We are having tacos for dinner. He actually makes the salad, while I cook the tacos and grate the cheese. And then he dumps his very hot, hot sauce all over the salad instead of putting it into his taco. I yell, “Stop” grab a large serving spoon and remove the top part of the salad with the hot sauce and put it on a separate plate.

It isn’t, as some think, just memory loss. It is confusion, loss in many ways. This is mild cognitive impairment which we were told may get better, stay the same or progress into some type of dementia such as Alzheimer’s, a disease his father died with—probably his grandfather also. The grandfather’s death certificate says died of insanity. When we obtained it, almost thirty years ago, we had no idea what that meant.

My husband’s younger sister has now been diagnosed with early dementia.   

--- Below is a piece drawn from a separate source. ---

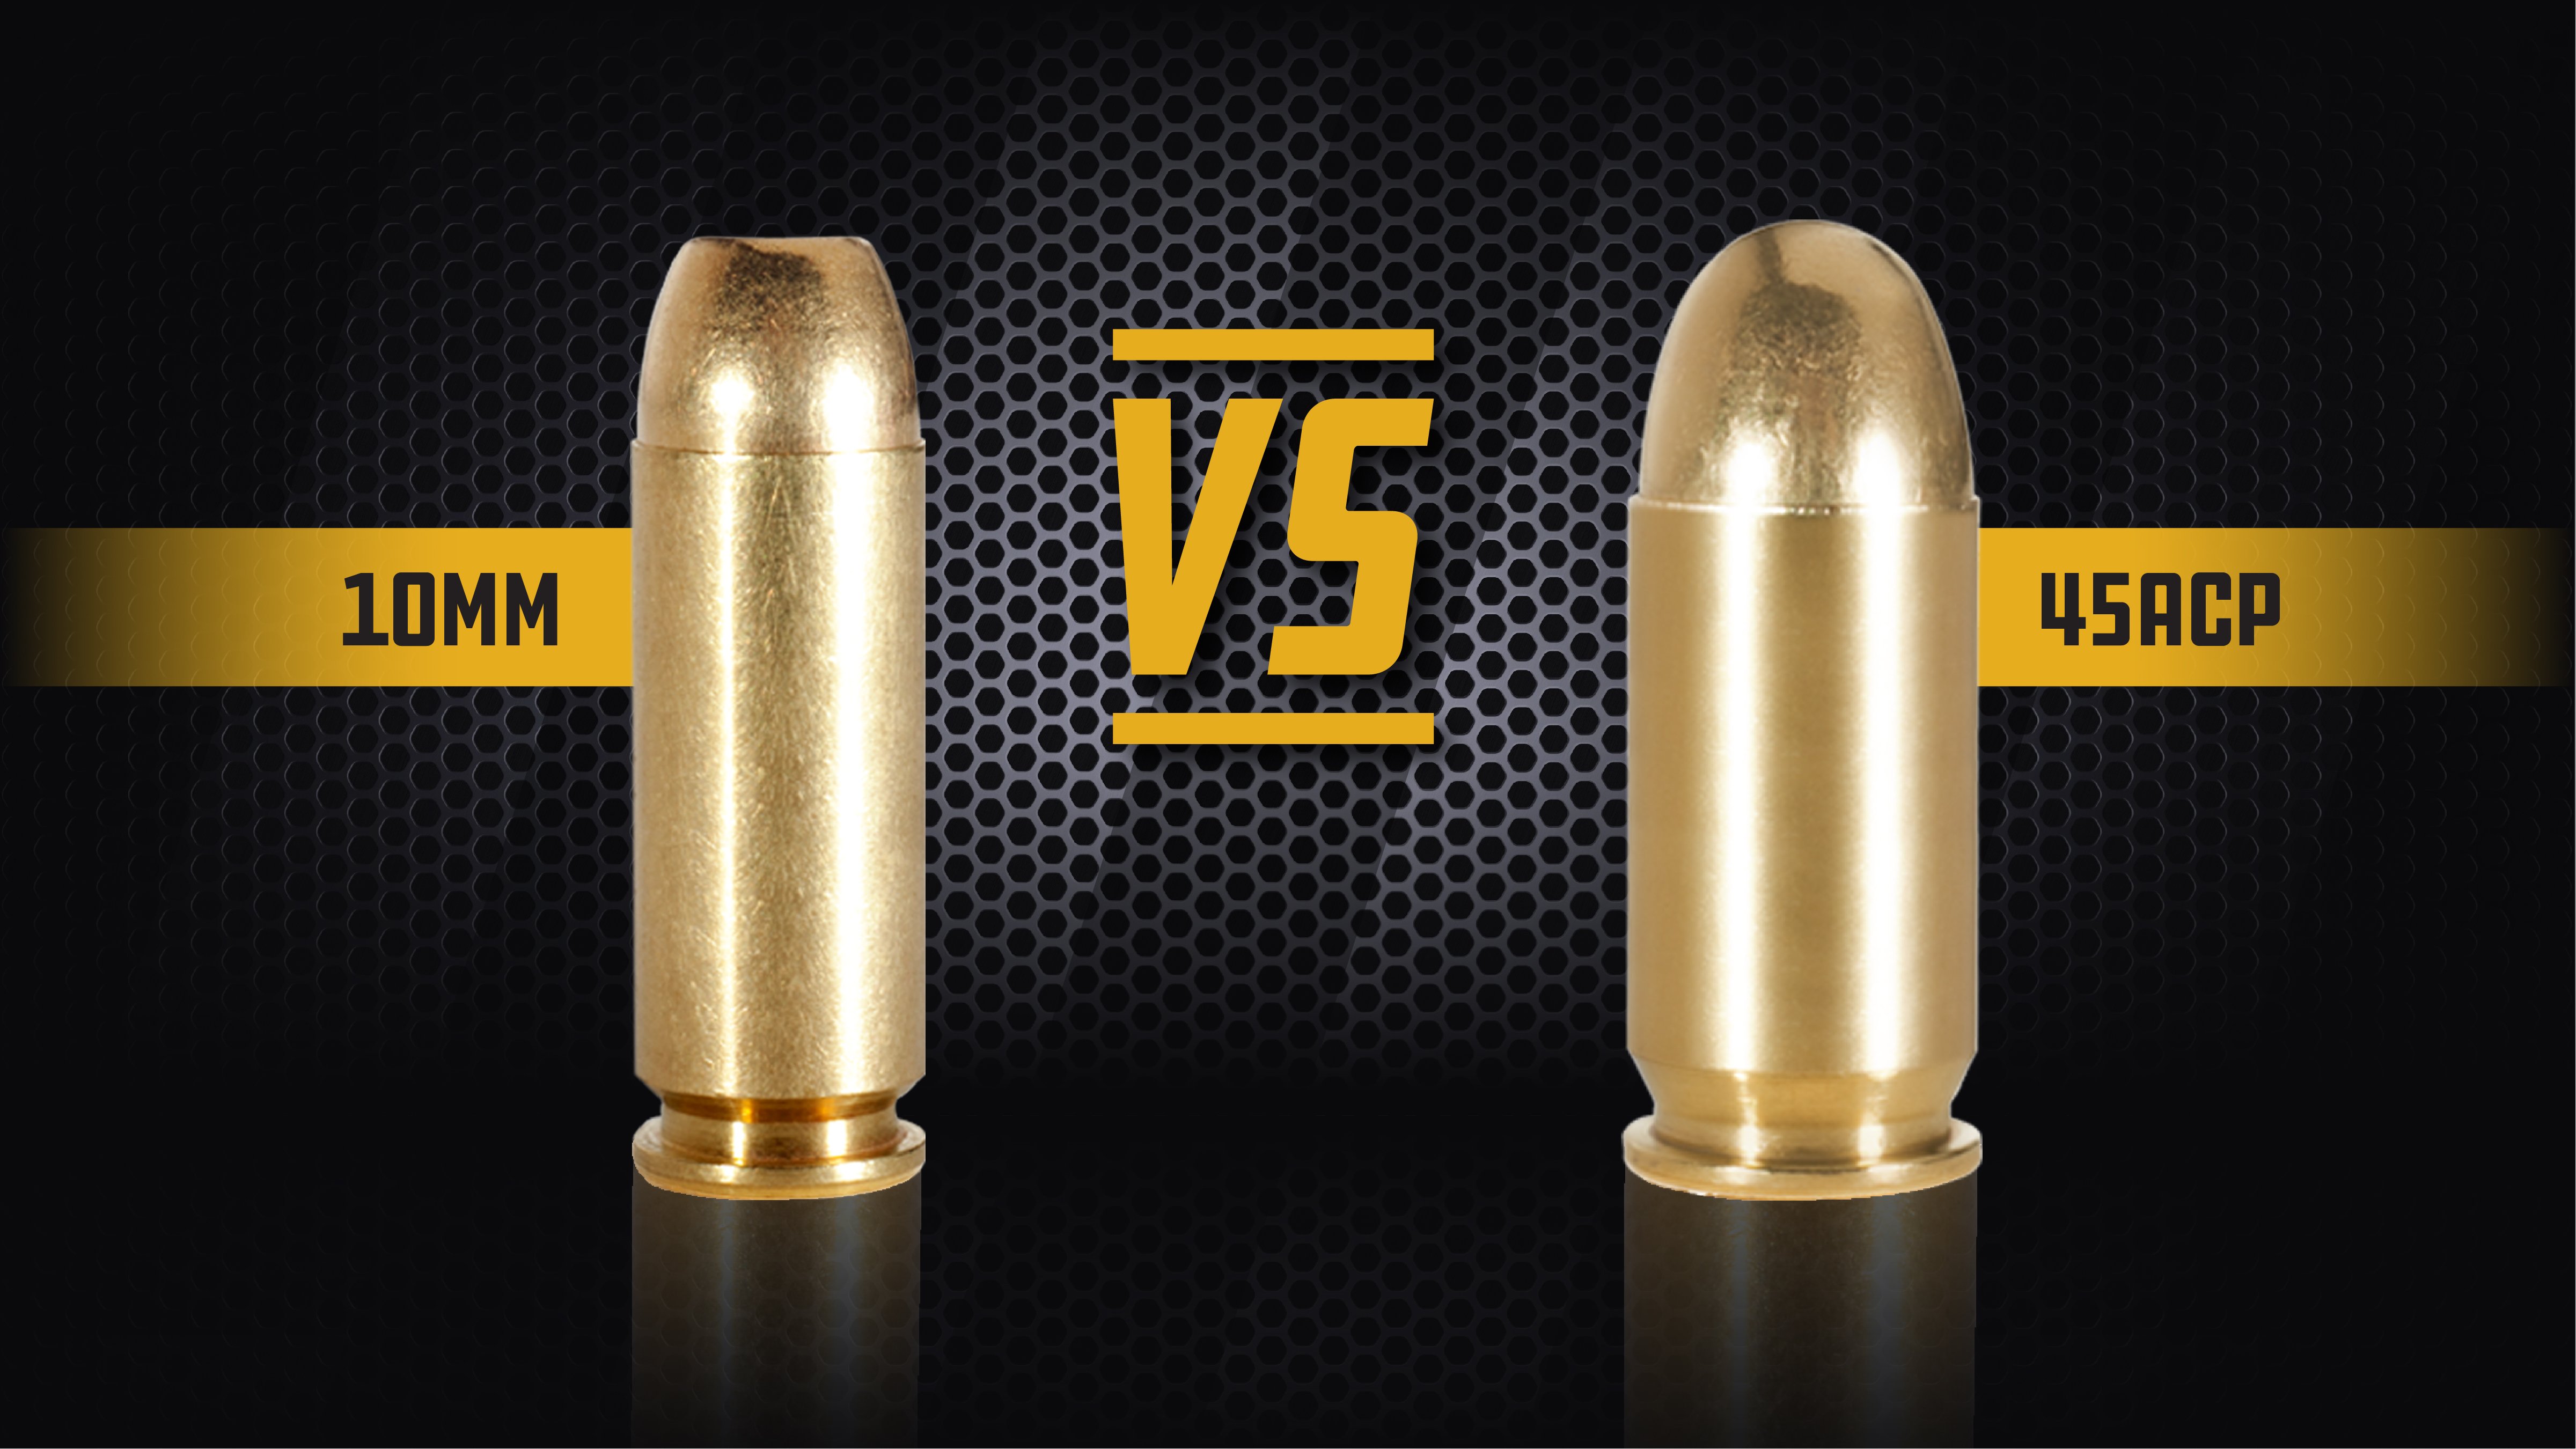 Ballistics Showdown: Comparing the Power of 10MM vs 45 ACP

But here is something good. He loves to read. He loves to visit and will start a conversation with strangers, well, just because they smiled at him. He does, after all, look like Mark Twain. Just a week ago a lady stopped us in the grocery store. She asked me, “Has anyone ever told you your husband looks like Mark Twain?” Both my husband and I laughed. Strangers have walked up to him on the street to tell him they know who he is.

And he looks for an opening, to tell the stranger, about Jesus.

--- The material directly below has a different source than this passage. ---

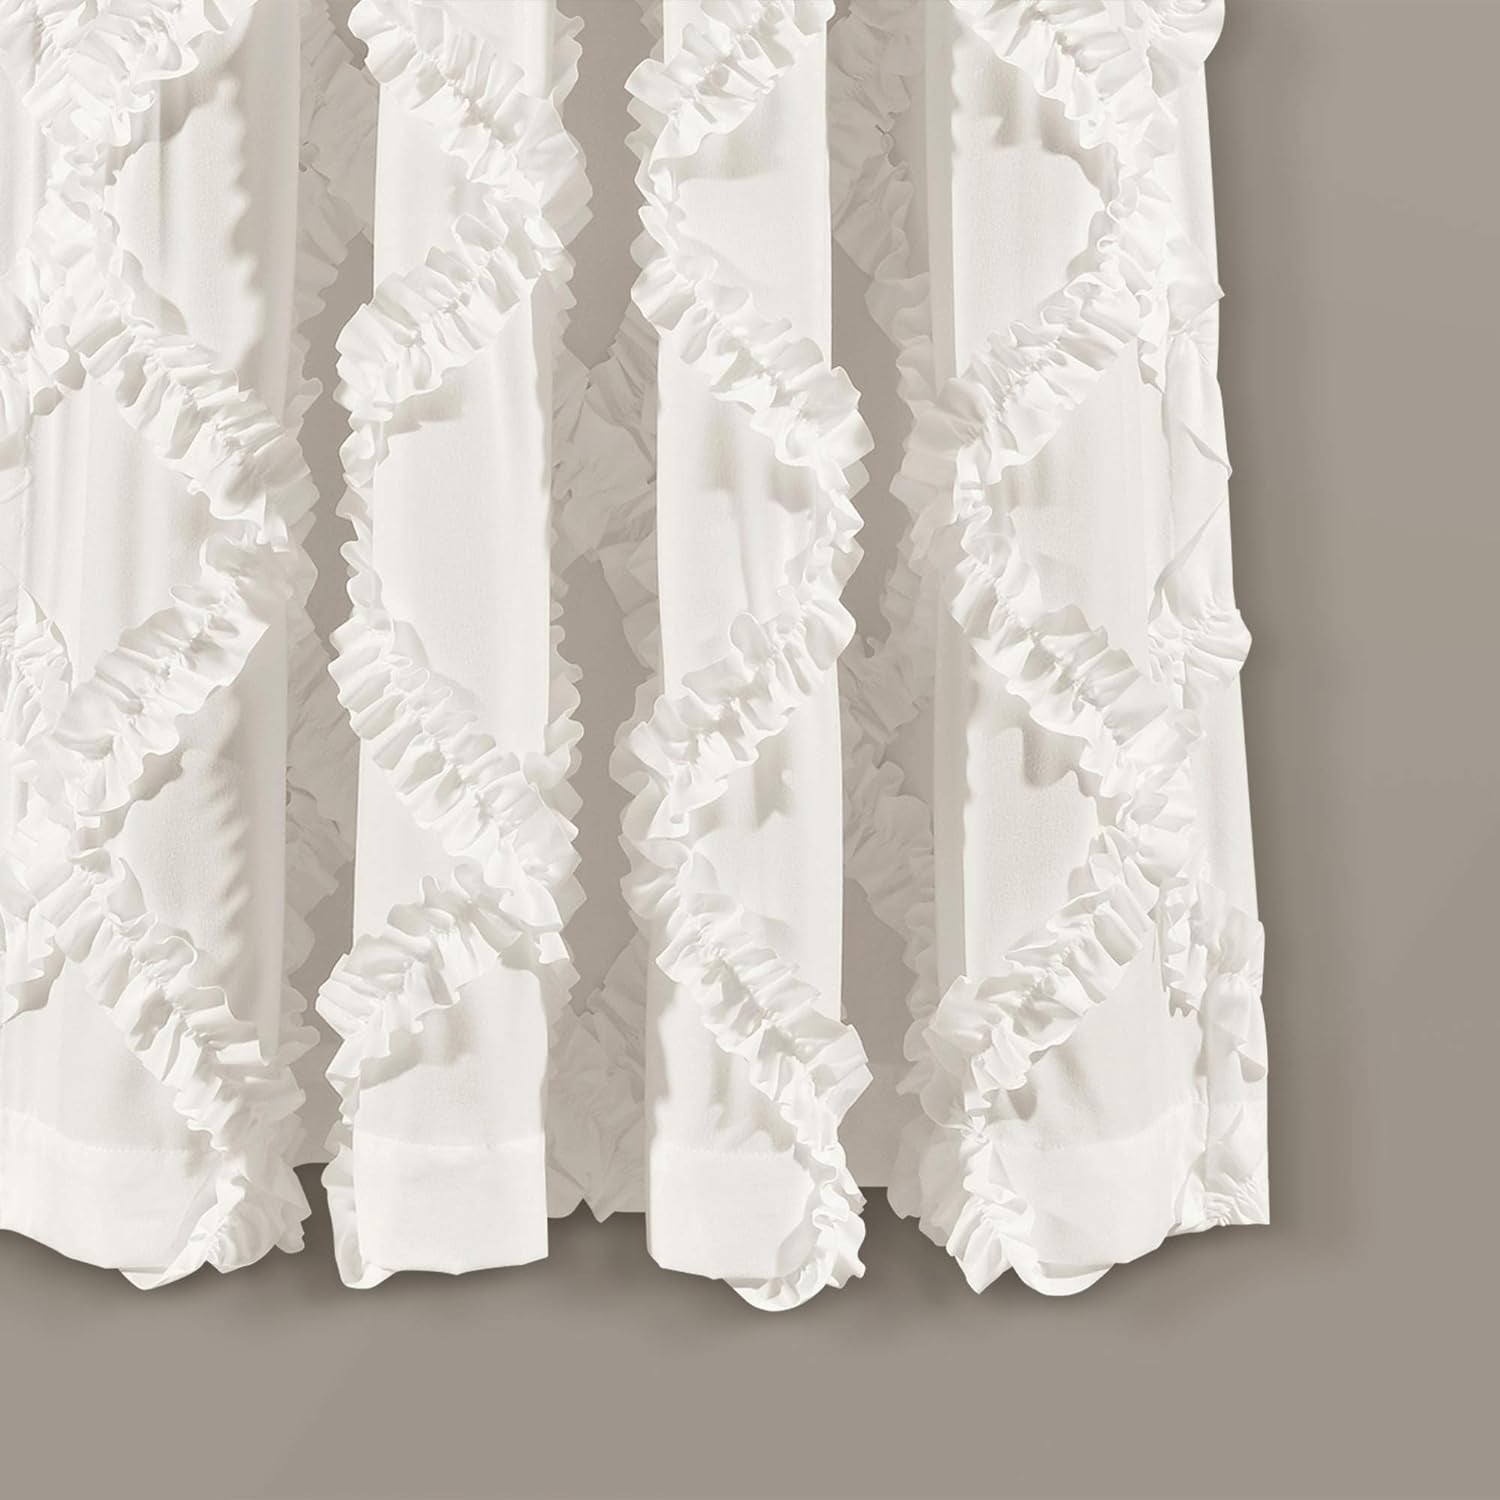 Ruffle Diamond Window Curtain Panel Pair, 63 in X 54 In, White

Brad is so sweet now—will yes—sometimes when I can’t understand him, or he can’t understand me, he gets loud. (And I have gotten loud, thinking he can’t hear me when actually he isn’t comprehending what I am saying.) But this is my time for learning patience. I am not a patient person and I too often forget that something is wrong. I have spent too many years enjoying the fun (yes, fun) of sparring with him over intellectual ideas. Our two ideal games, scrabble and cribbage, we can no longer play.

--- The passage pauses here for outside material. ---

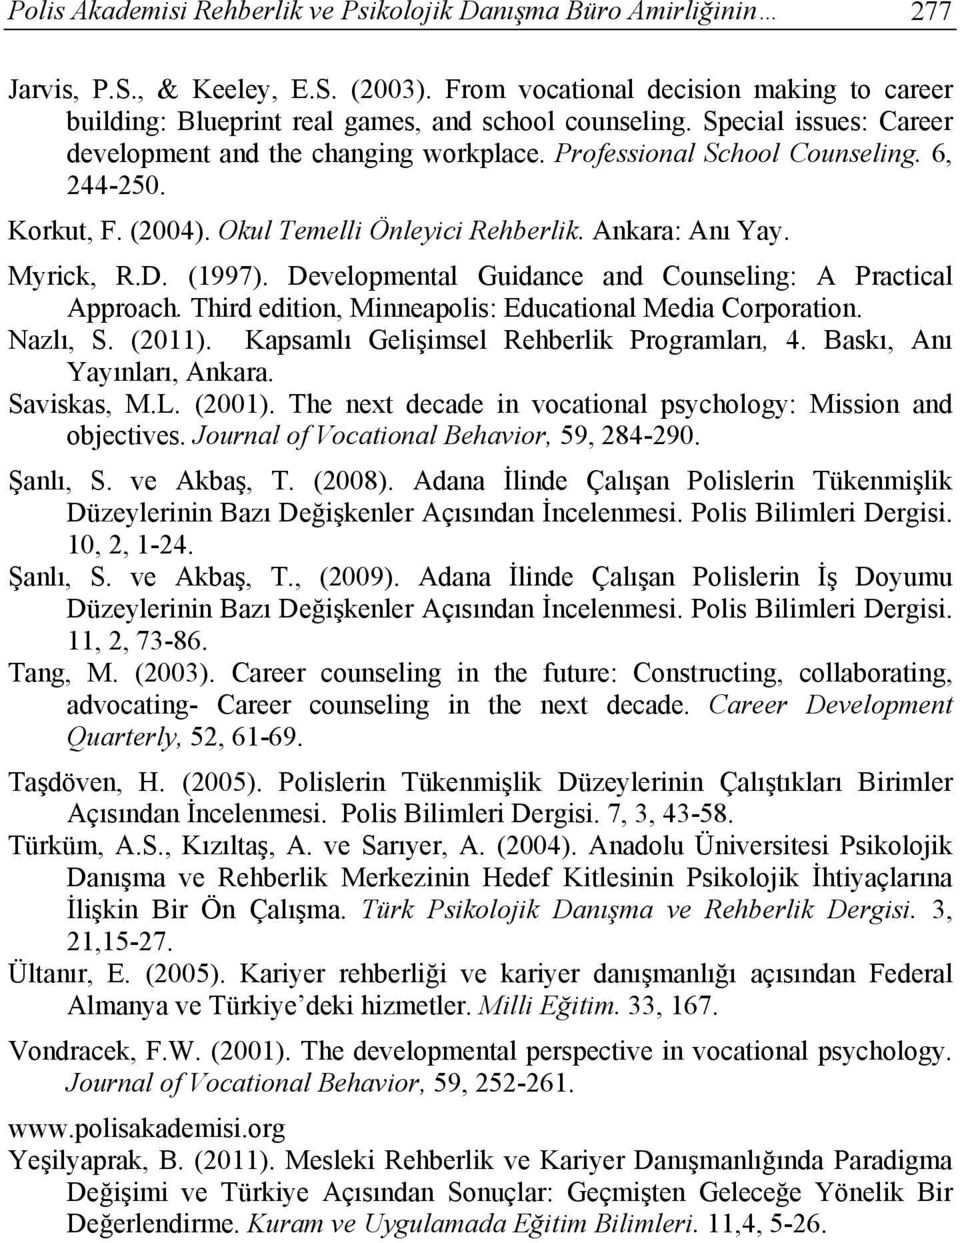 6, 244-250. Korkut, F. (2004). Okul Temelli Önleyici Rehberlik. Ankara: Anı Yay. Myrick, R.D. (1997). Developmental Guidance and Counseling: A Practical Approach.

God is giving me his grace and insistently pulling away, here and there, my very rough edges. And he is teaching me to trust in ways and places I have-not experienced before.  Everything, is now my responsibility and so I am learning to hand it all back to the Lord I have walked with for so many years. Without the Lord Jesus Christ, ... But now, instead, while there is grief there is a great deal of joy, even fun. Yes, again, fun.

I will use this blog to write about our journey through this awful disease. Many do not understand it or think of it as only memory loss. Too many caregivers have been deserted by both friends and family (Not me!). I want to share what this journey means from a Christian point of view. It is an exploration for me as well as others.